(Beginning of PROVIDED MATERIAL)

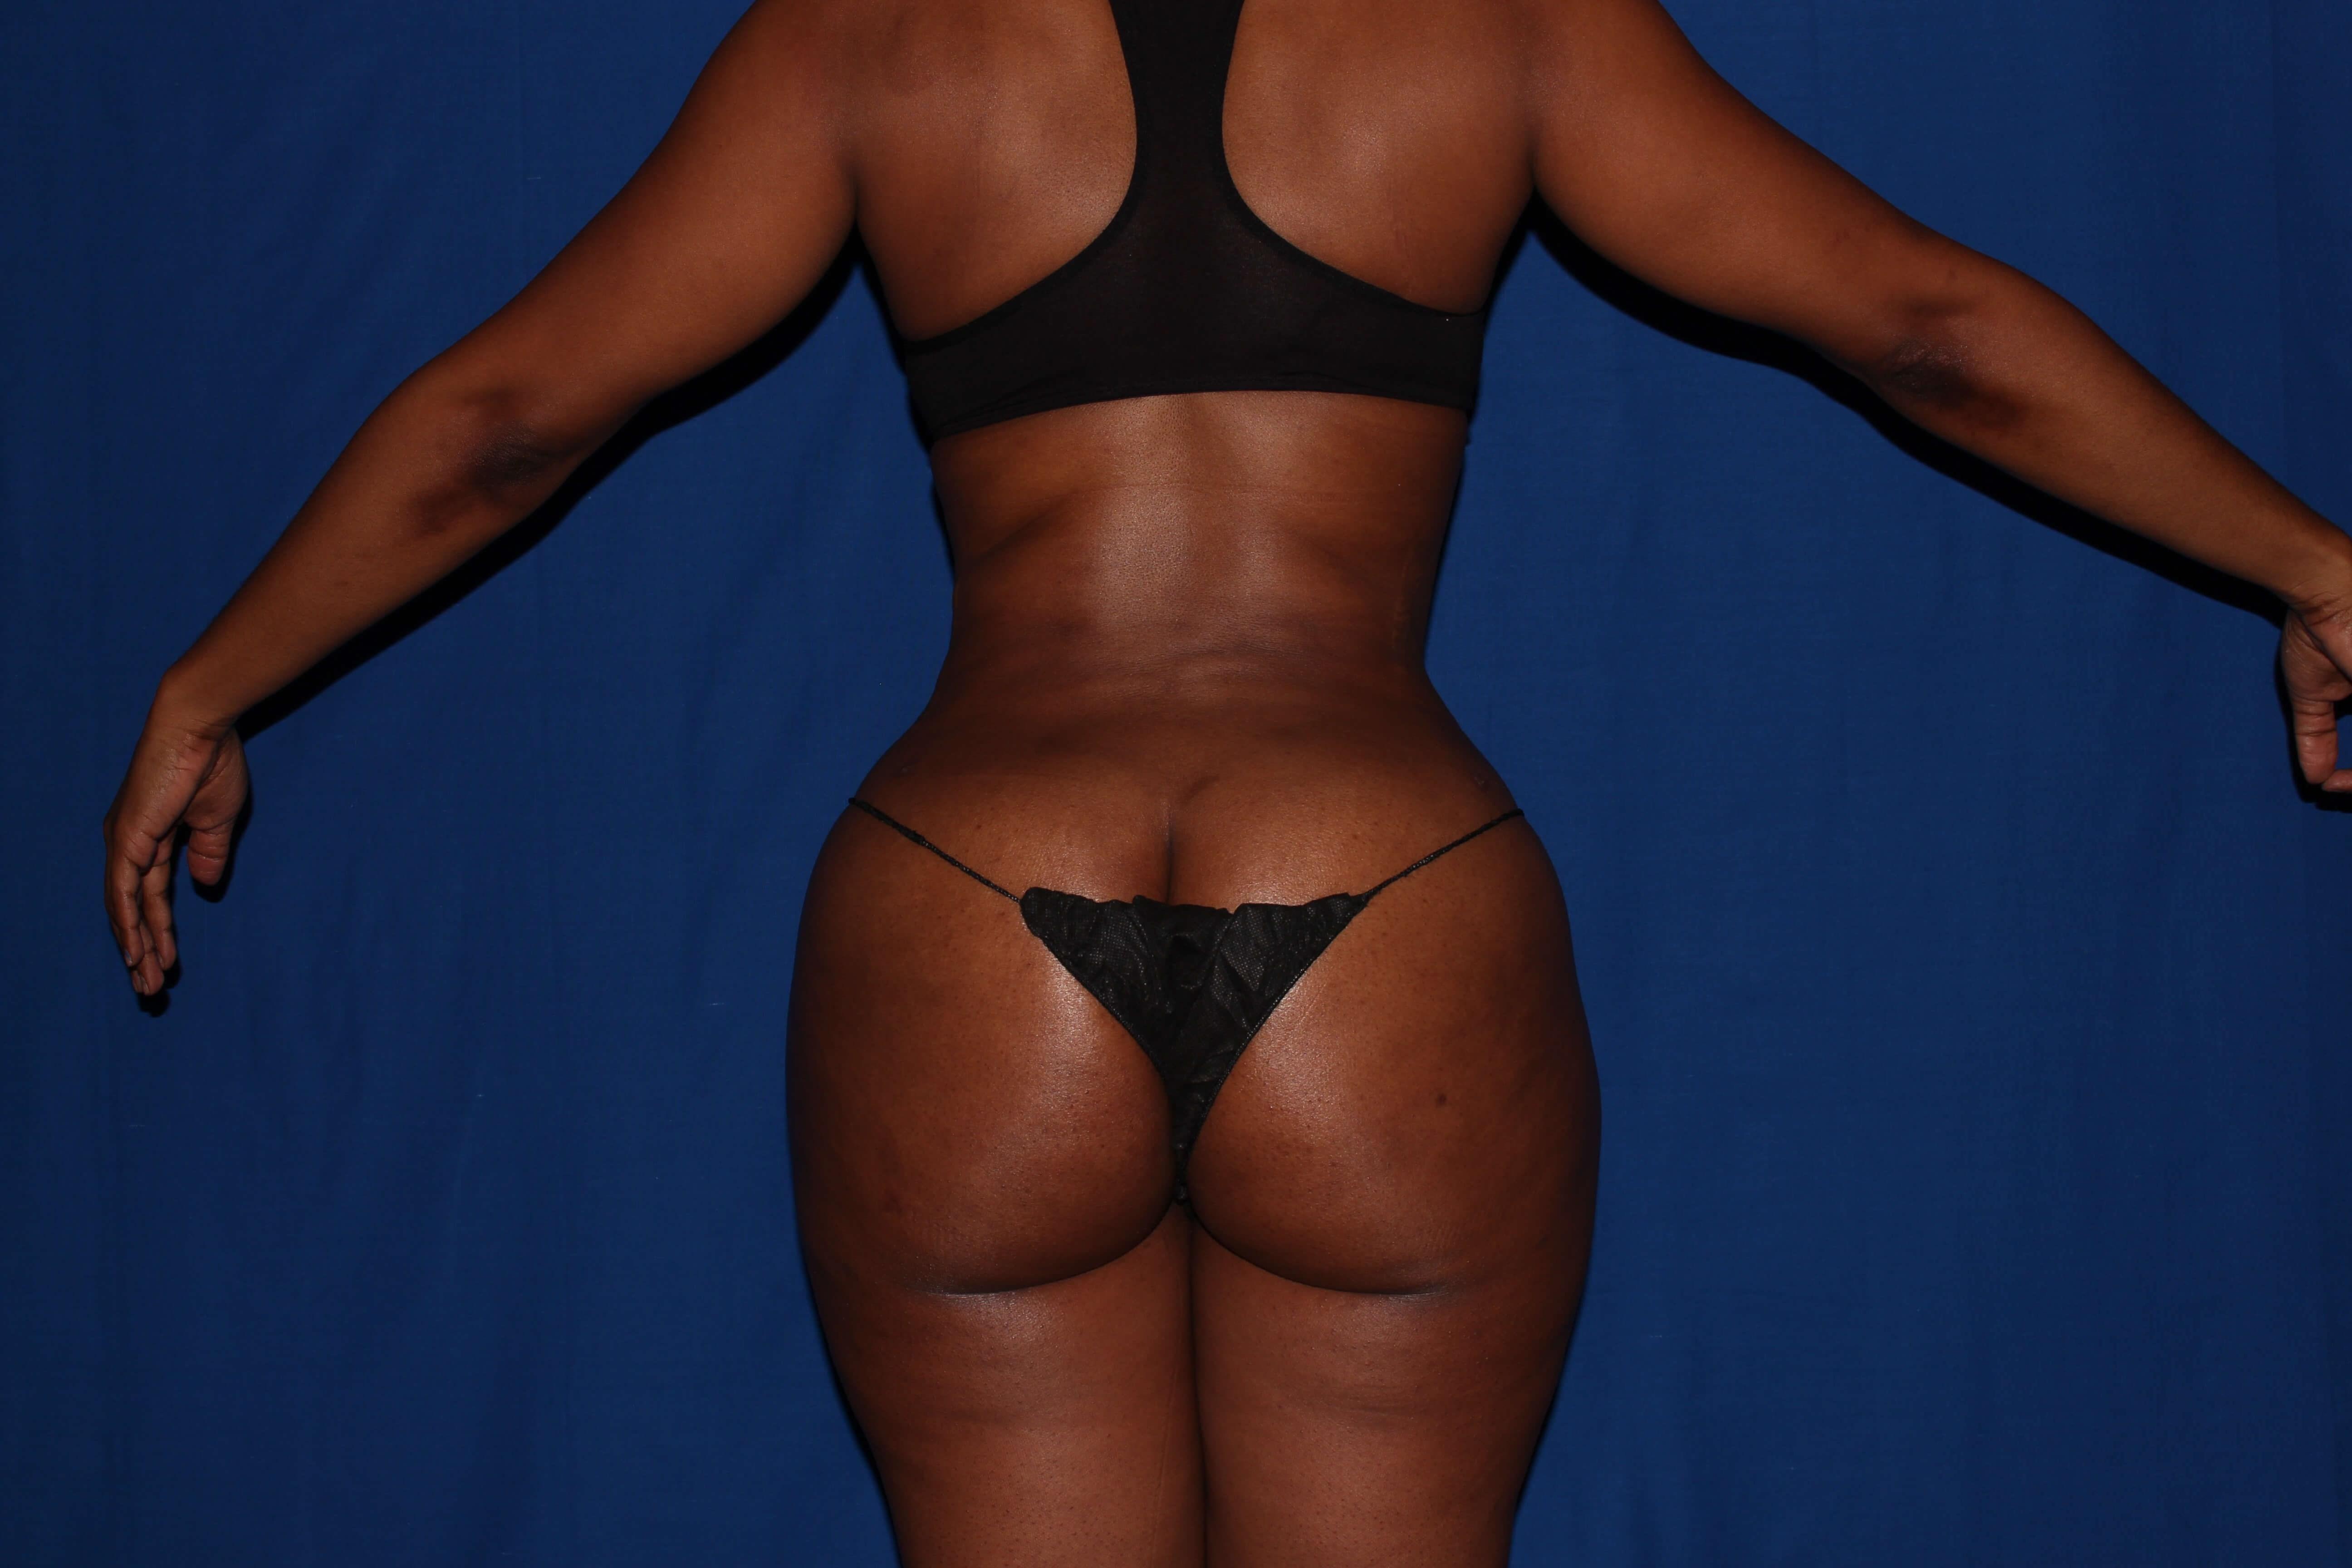 Liposuction with BBL After - Scottsdale, AZ BBL
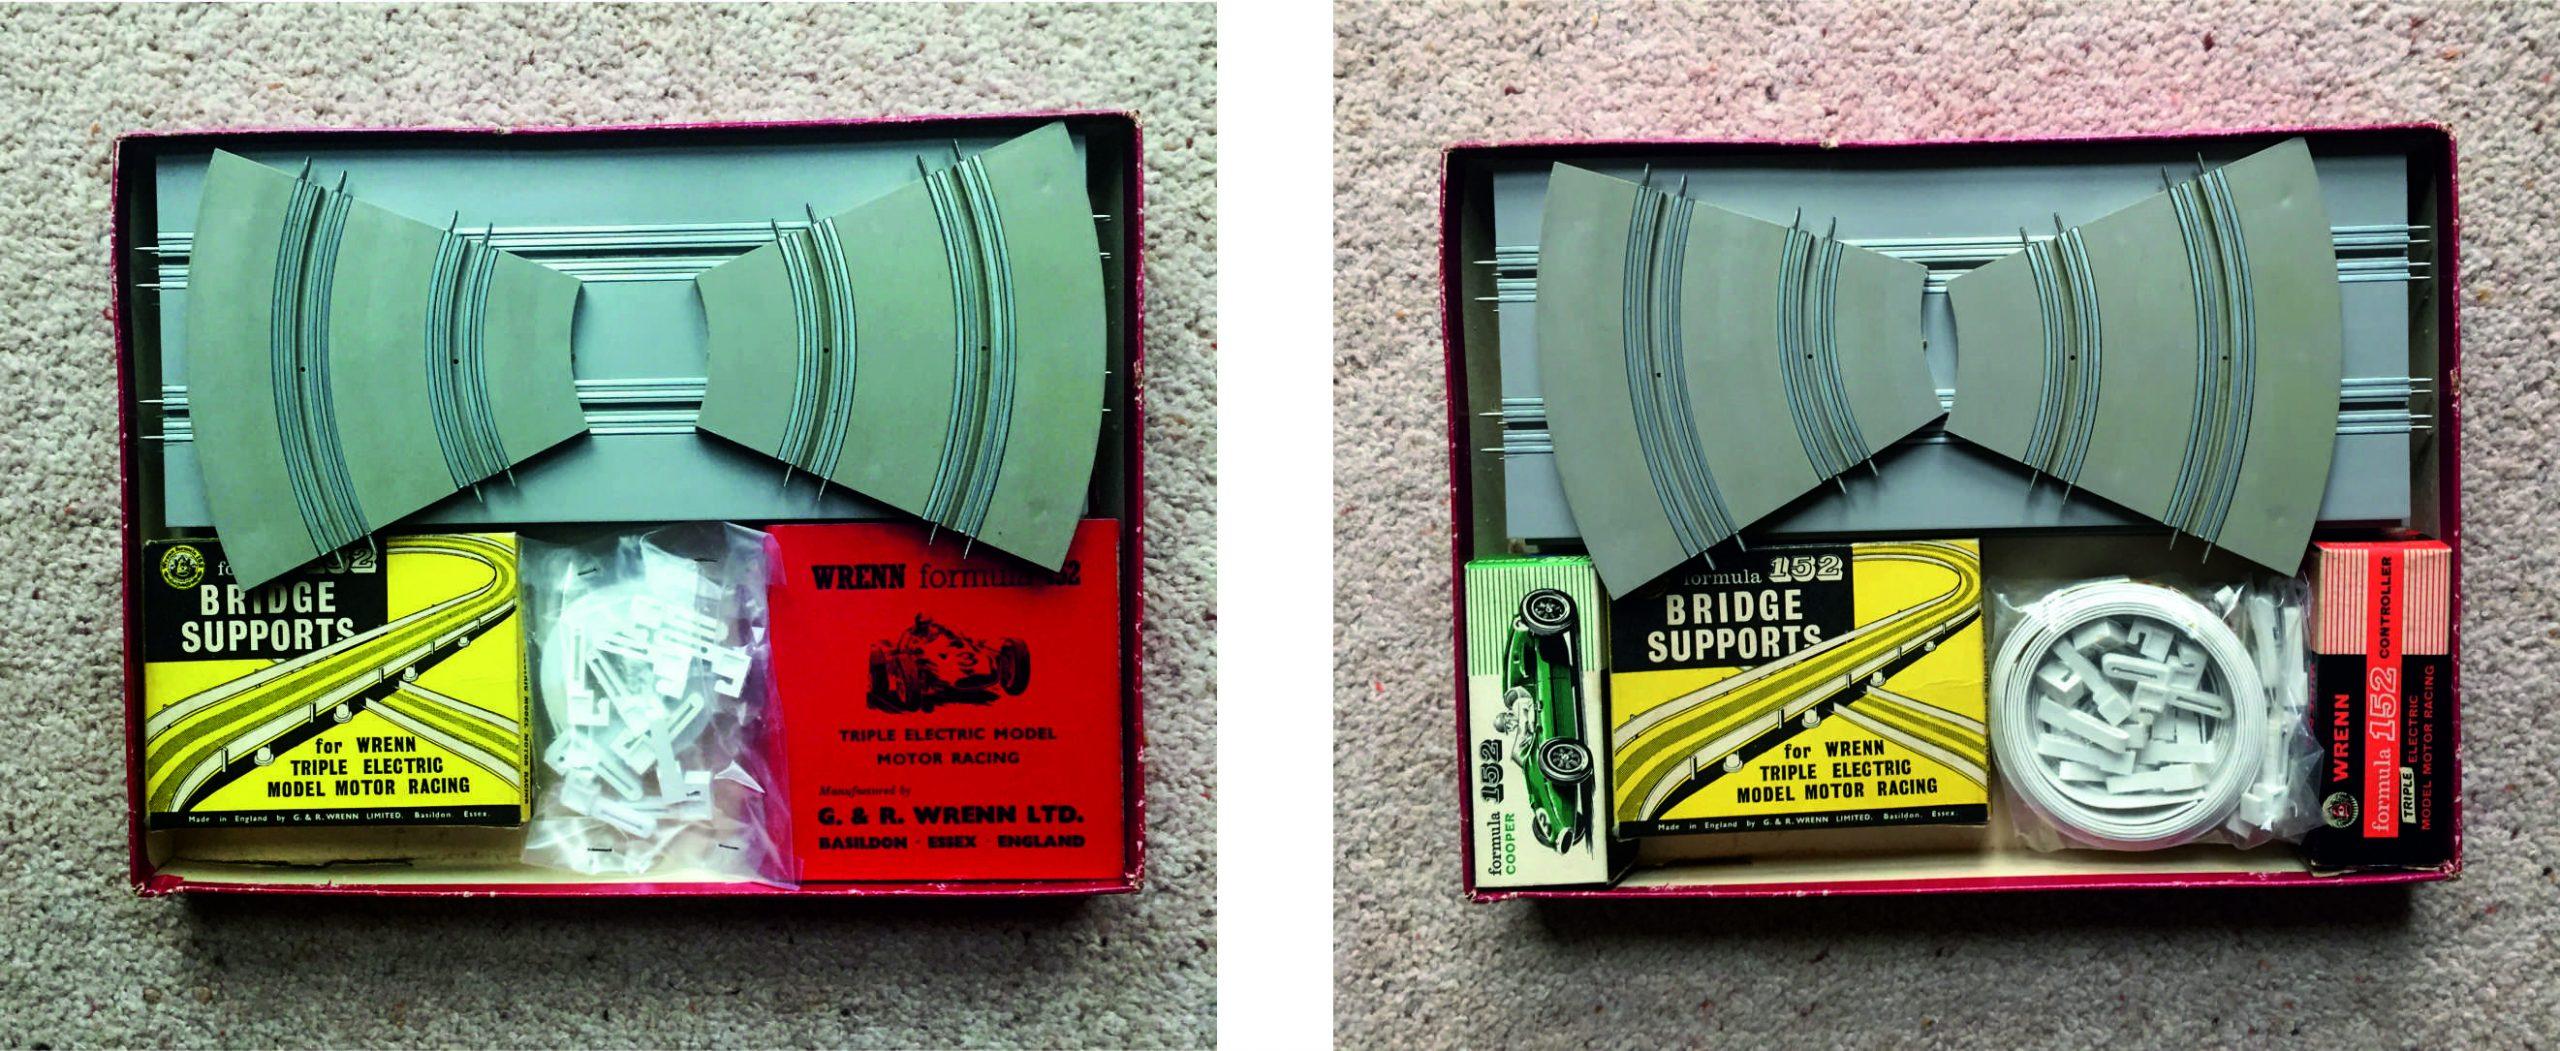 Wrenn 152 Extension Pack Types 1 & 1A
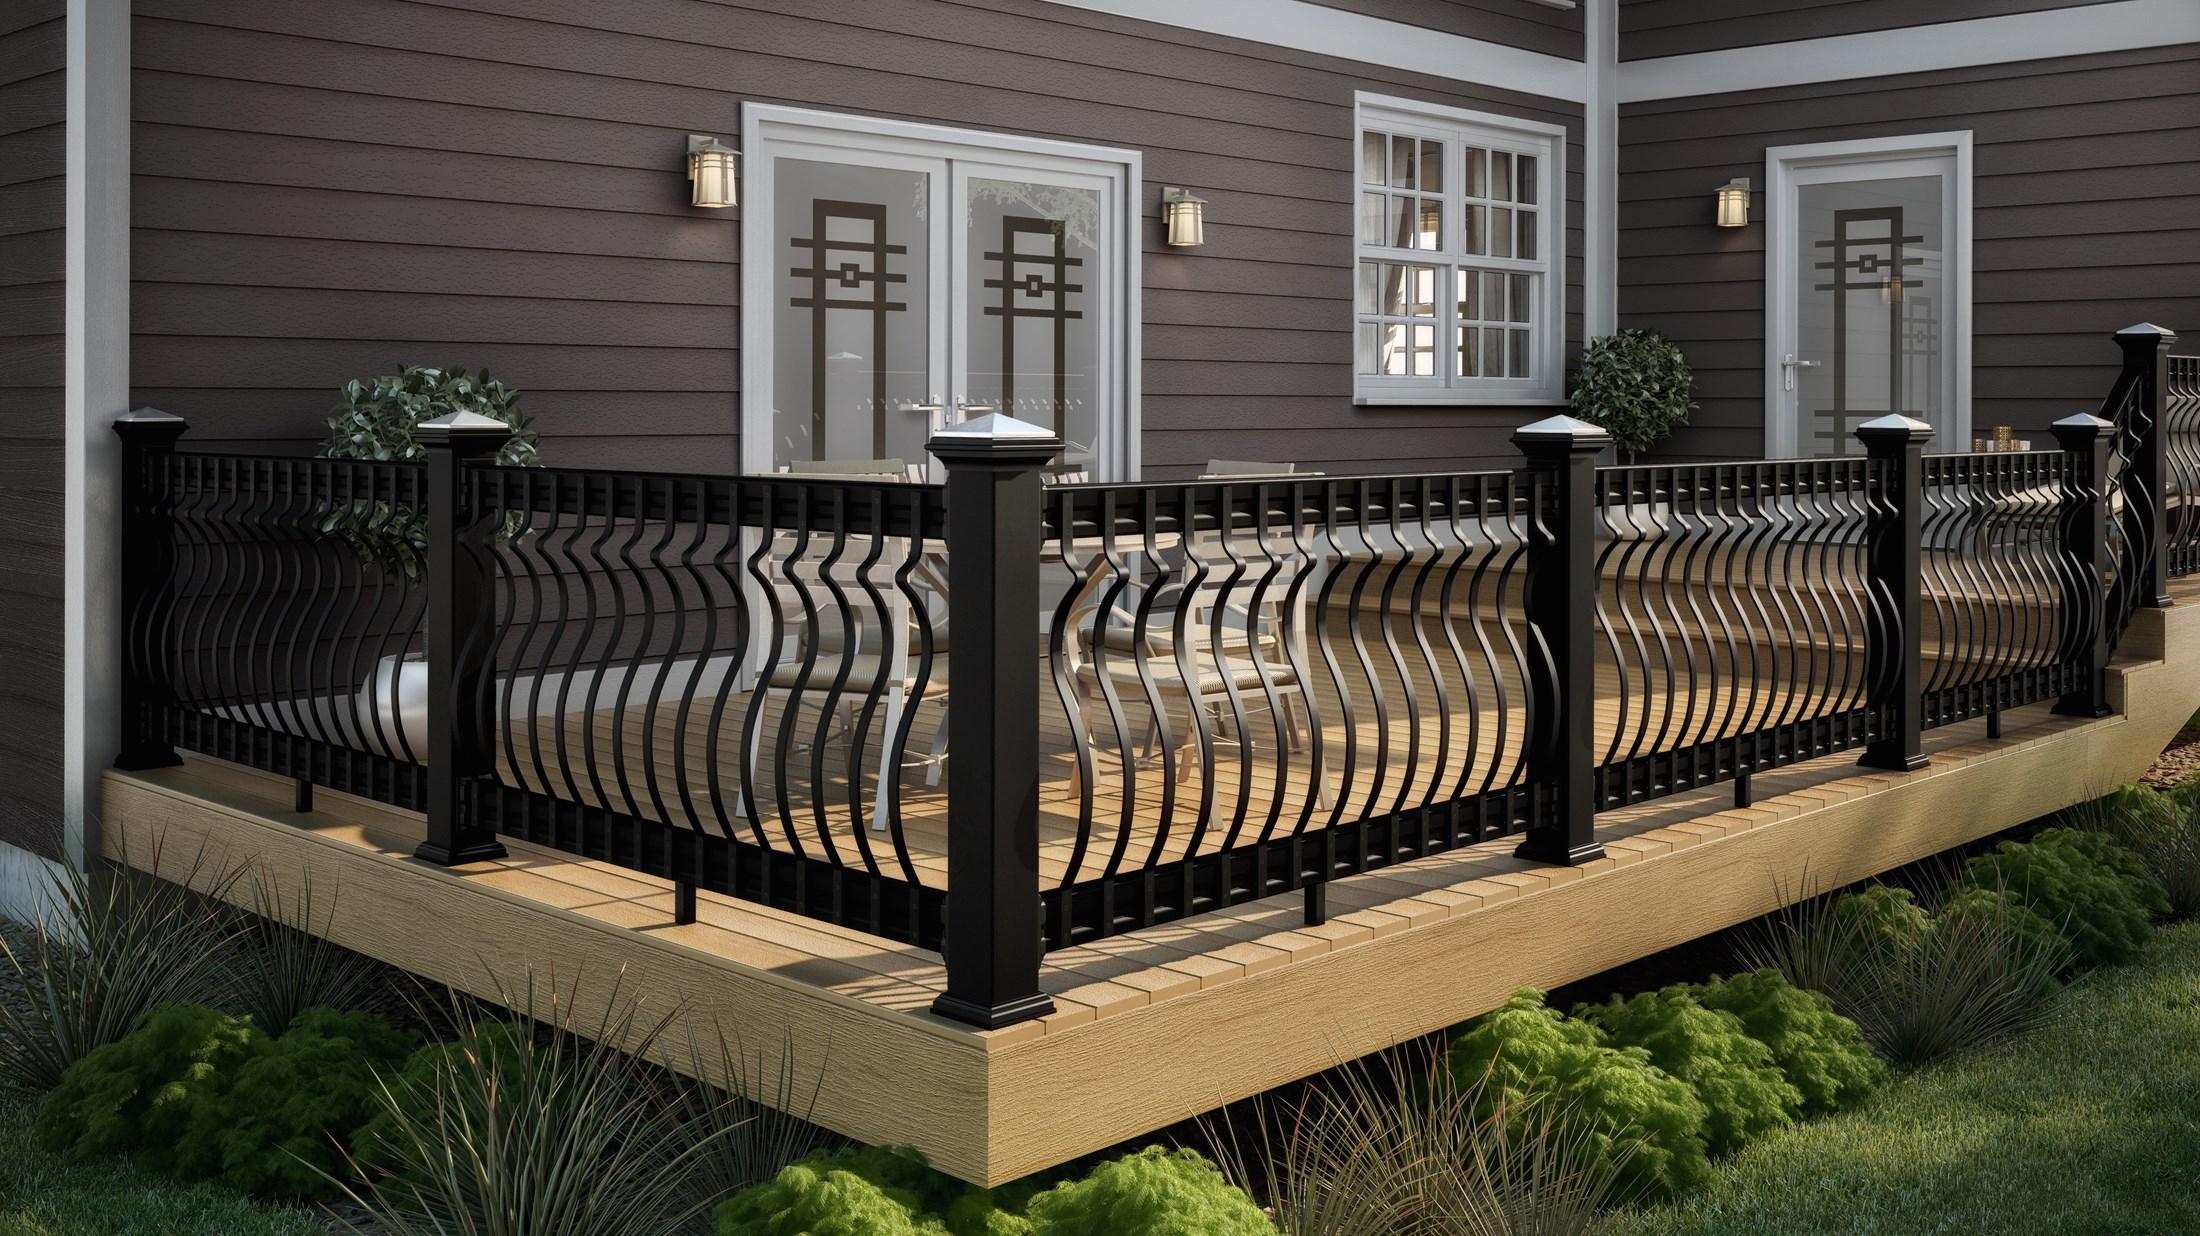 Black Rod Iron Deck Railing Decks Ideas

(End of PROVIDED MATERIAL)

When you copy the data, keep every line exact and leave out each picture.

 Liposuction with BBL After - Scottsdale, AZ BBL
 Wrenn 152 Extension Pack Types 1 & 1A
 Black Rod Iron Deck Railing Decks Ideas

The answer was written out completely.